[Opening SUPPLIED INFORMATION section]
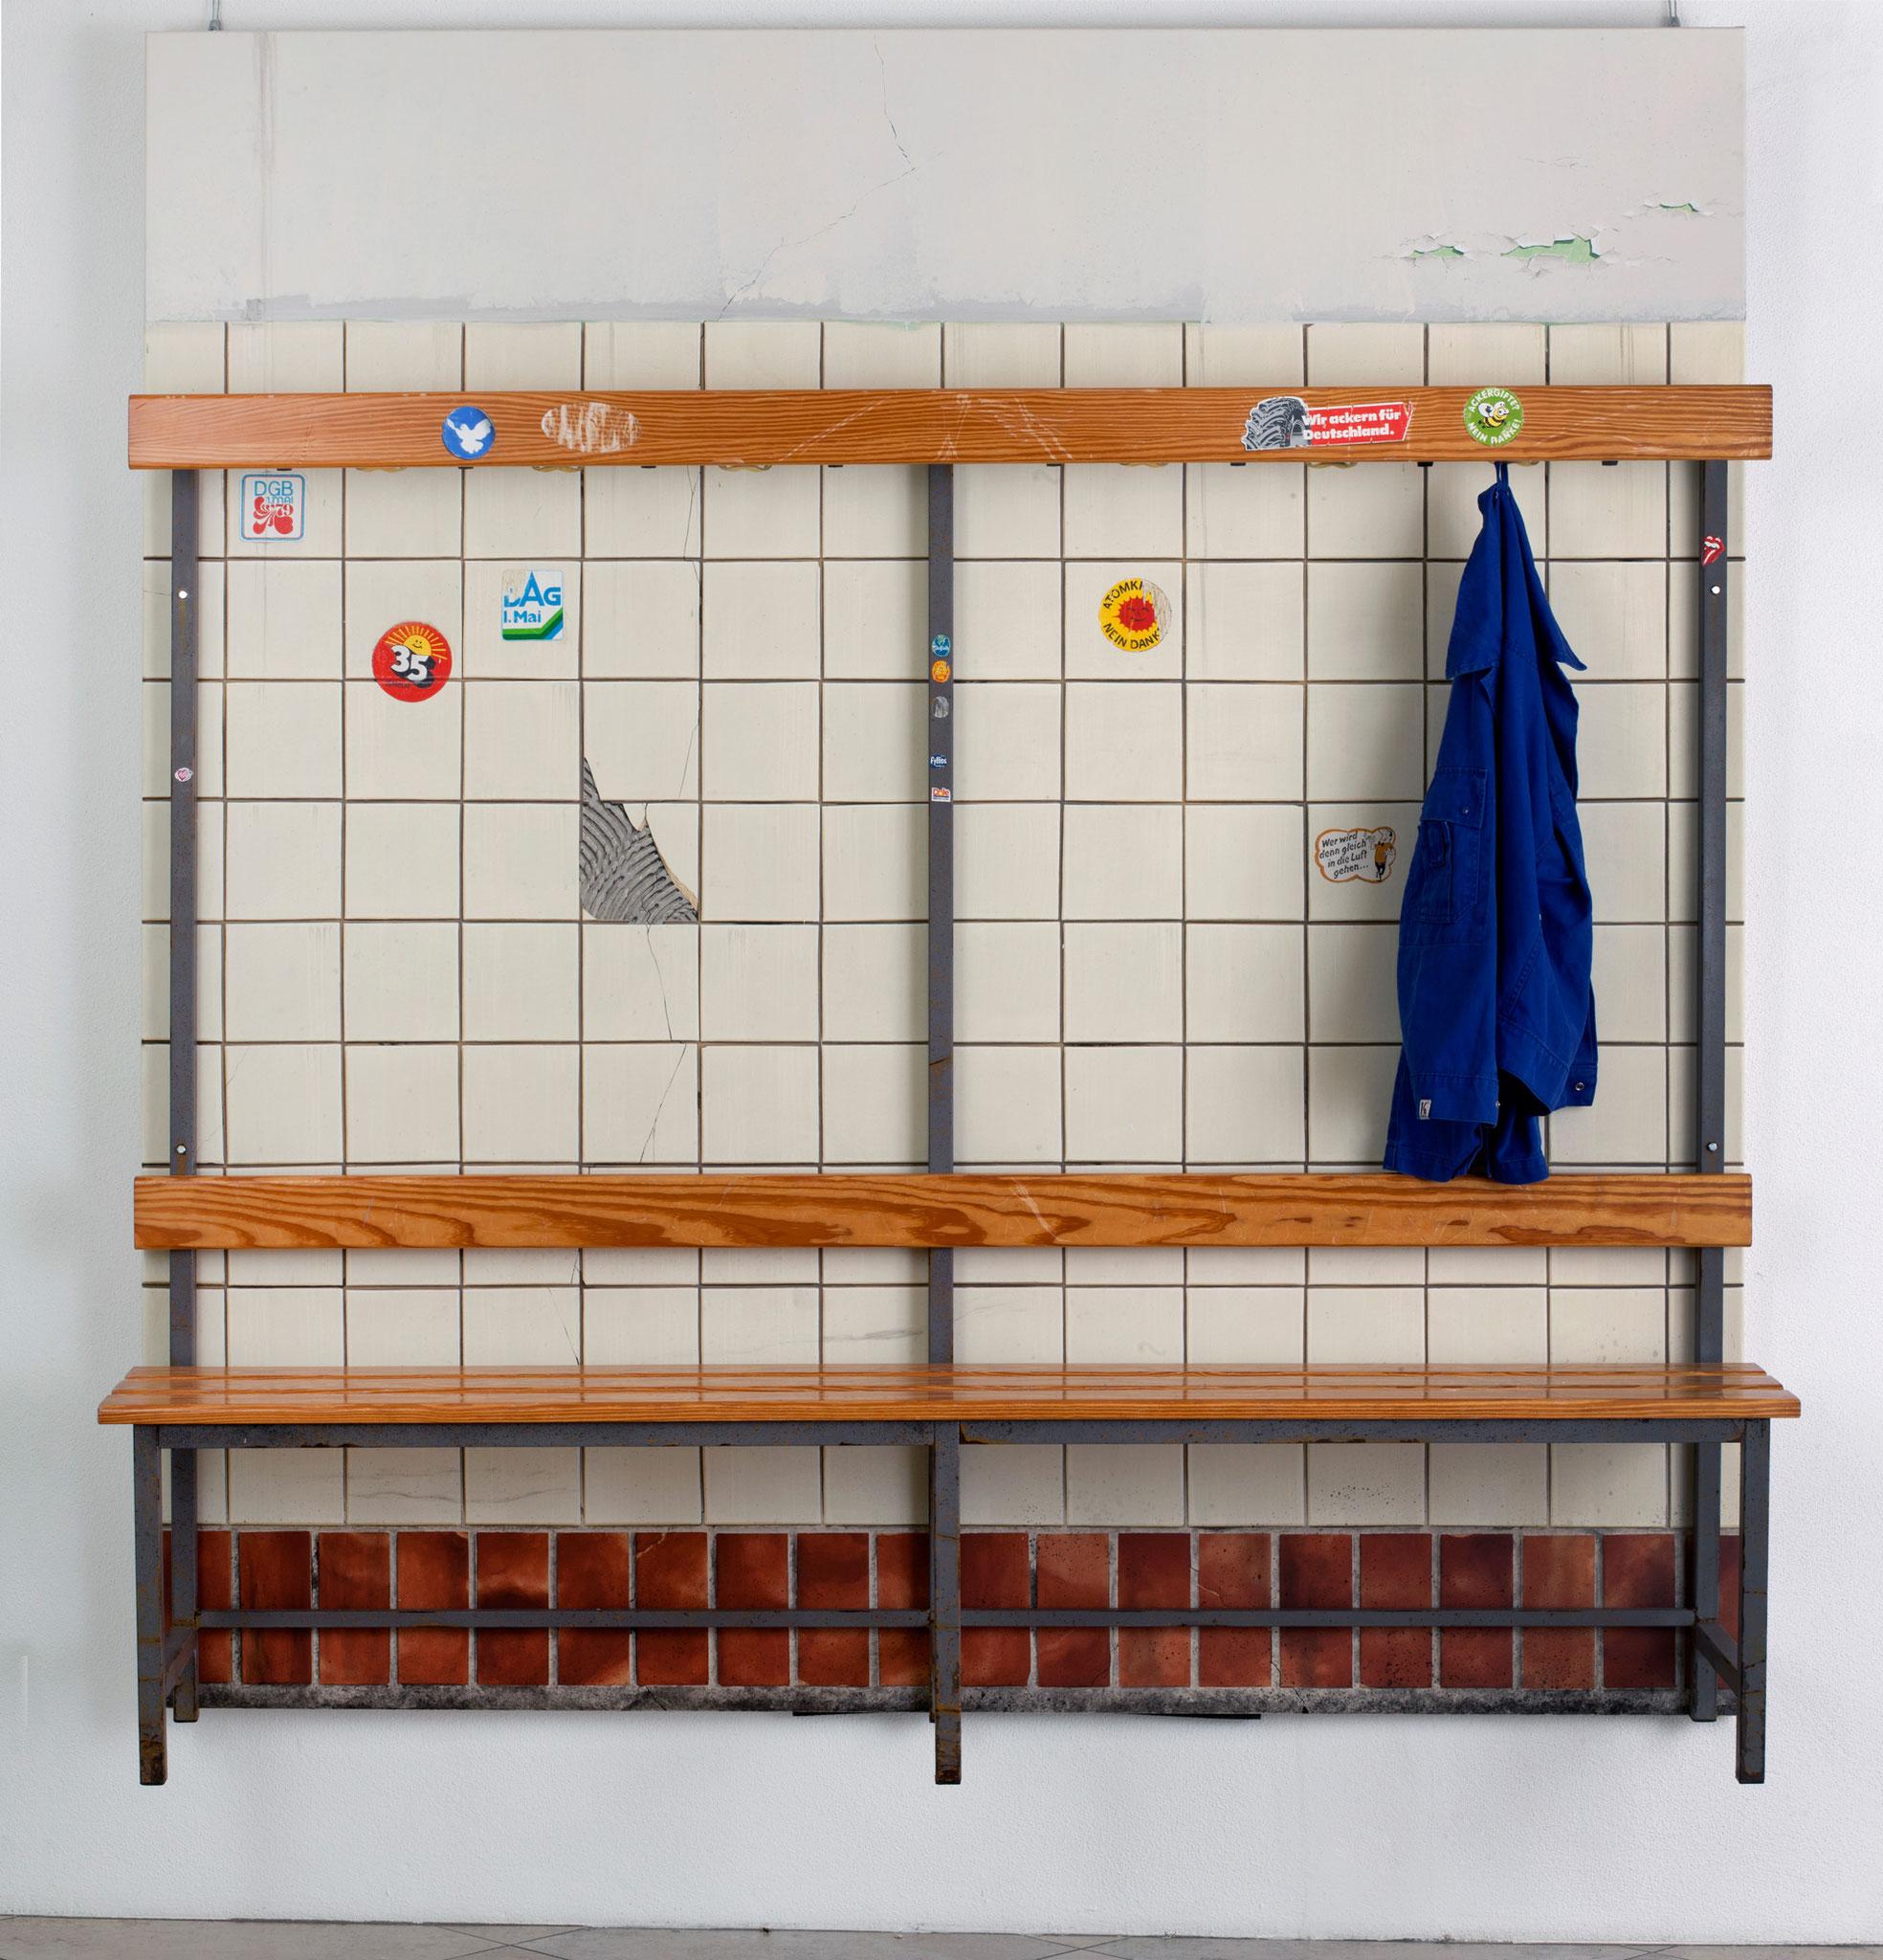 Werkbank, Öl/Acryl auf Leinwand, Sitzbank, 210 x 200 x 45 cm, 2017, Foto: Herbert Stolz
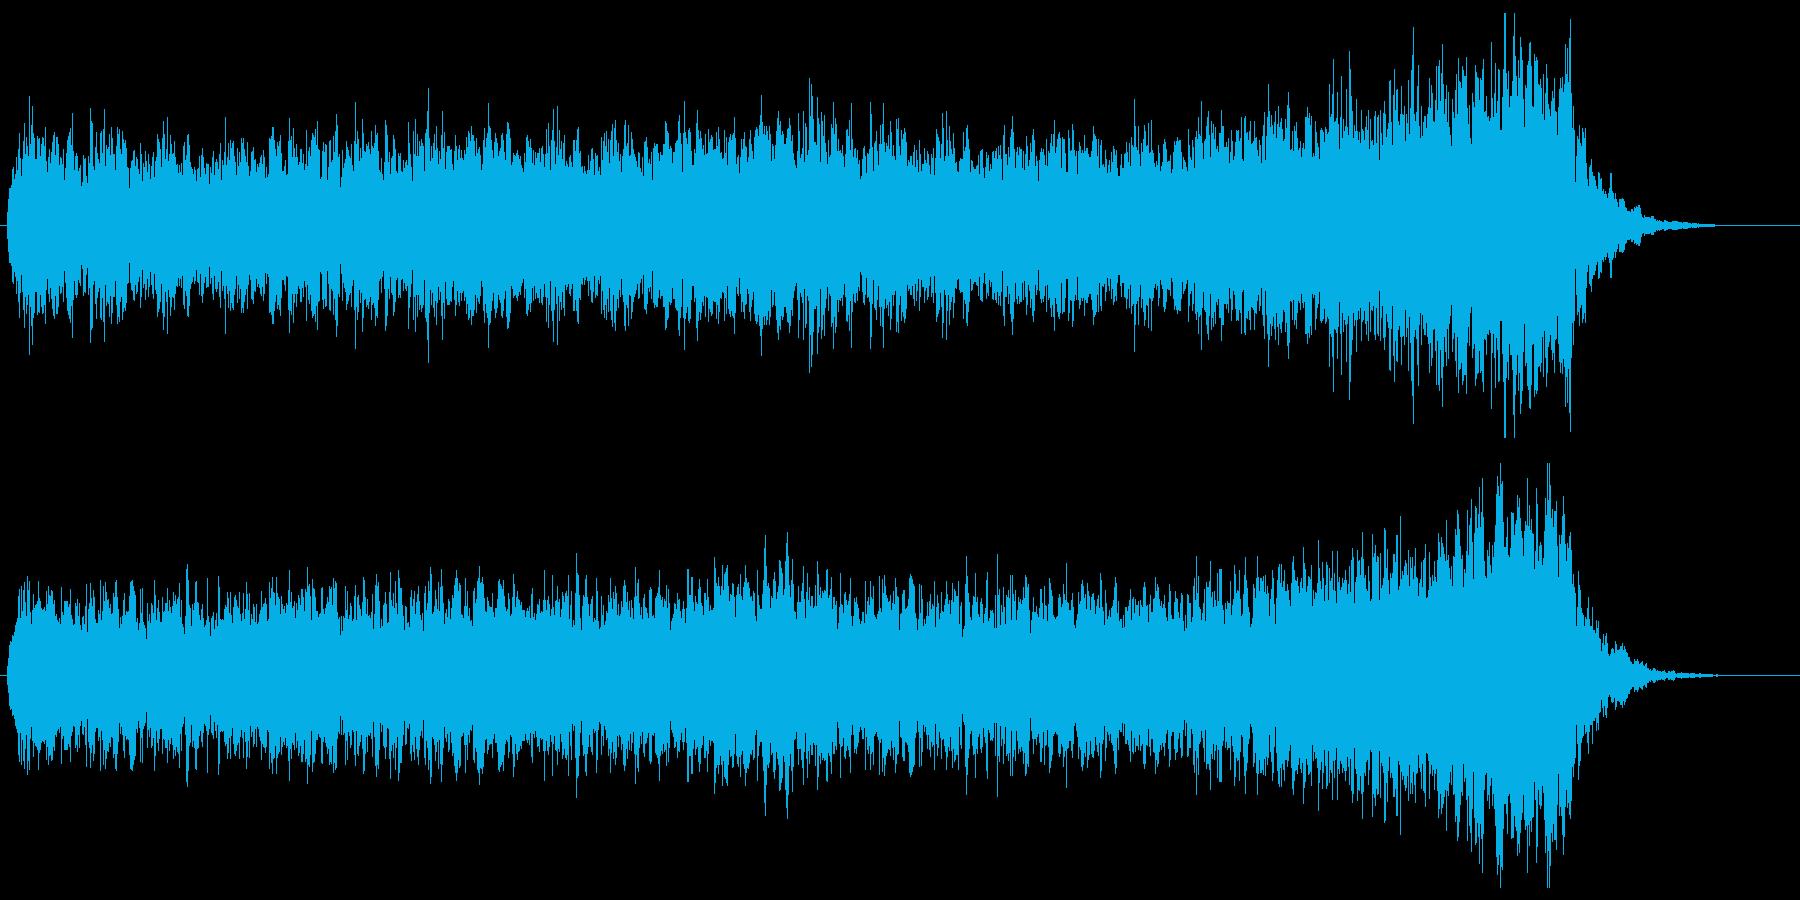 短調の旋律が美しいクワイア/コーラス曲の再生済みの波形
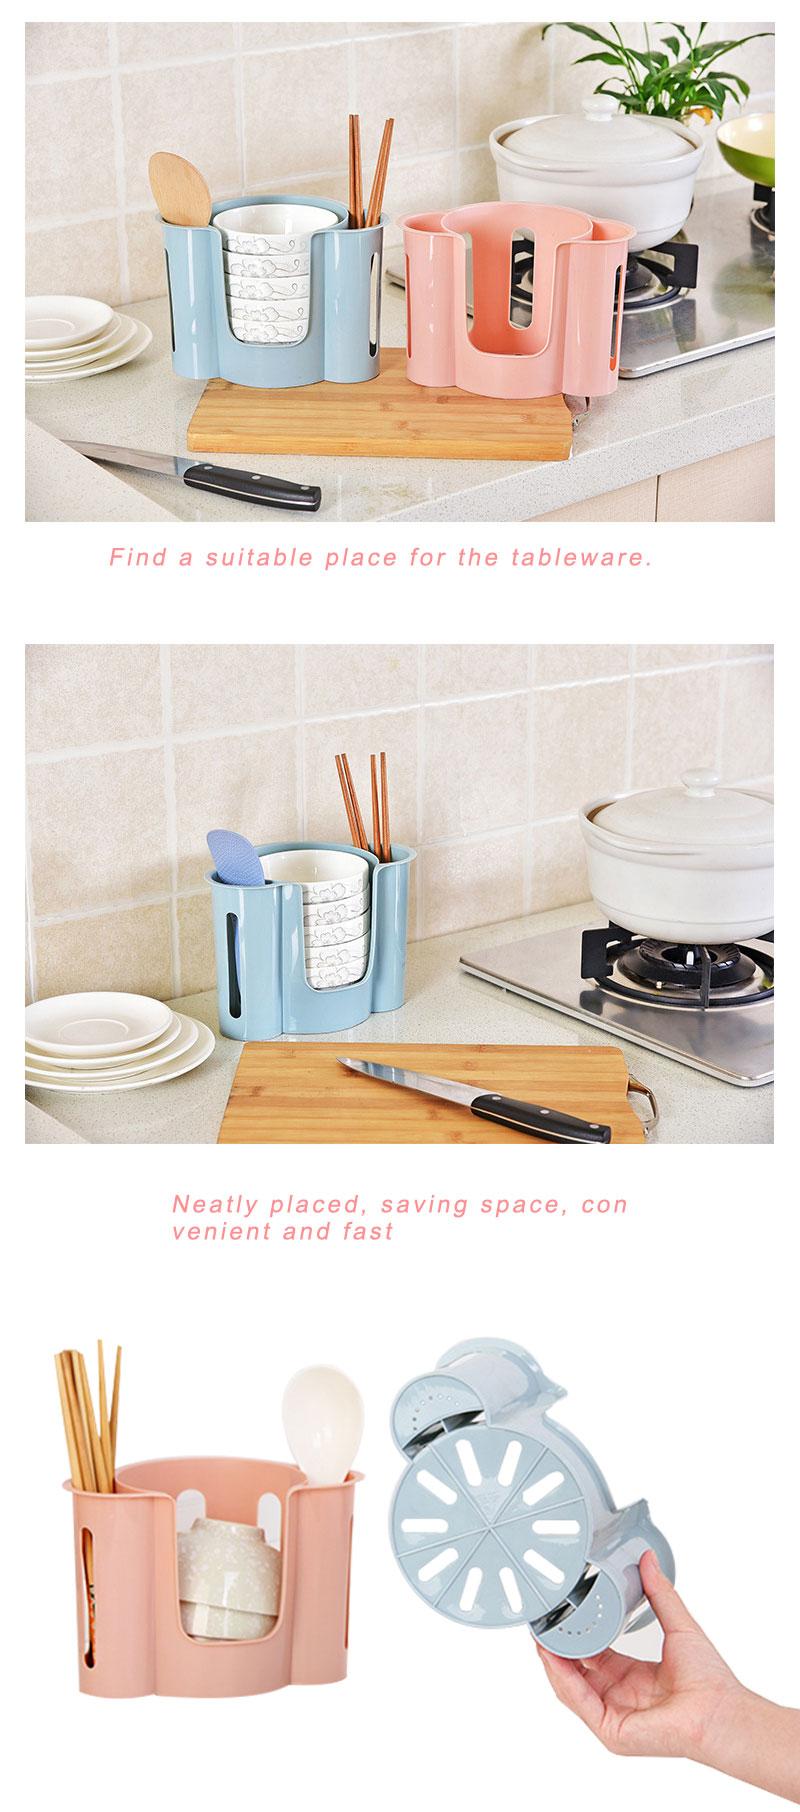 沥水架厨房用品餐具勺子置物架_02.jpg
[Closing SUPPLIED INFORMATION section]
● **TASK PROMPT**
Starting at the line that contains "短調の旋律が美しいクワイア/コーラス曲の再生済みの波形", restate each line verbatim through the final line of the listing, skipping all pictures.

● **ANSWER FOR THIS EXERCISE**
 短調の旋律が美しいクワイア/コーラス曲の再生済みの波形
 沥水架厨房用品餐具勺子置物架_02.jpg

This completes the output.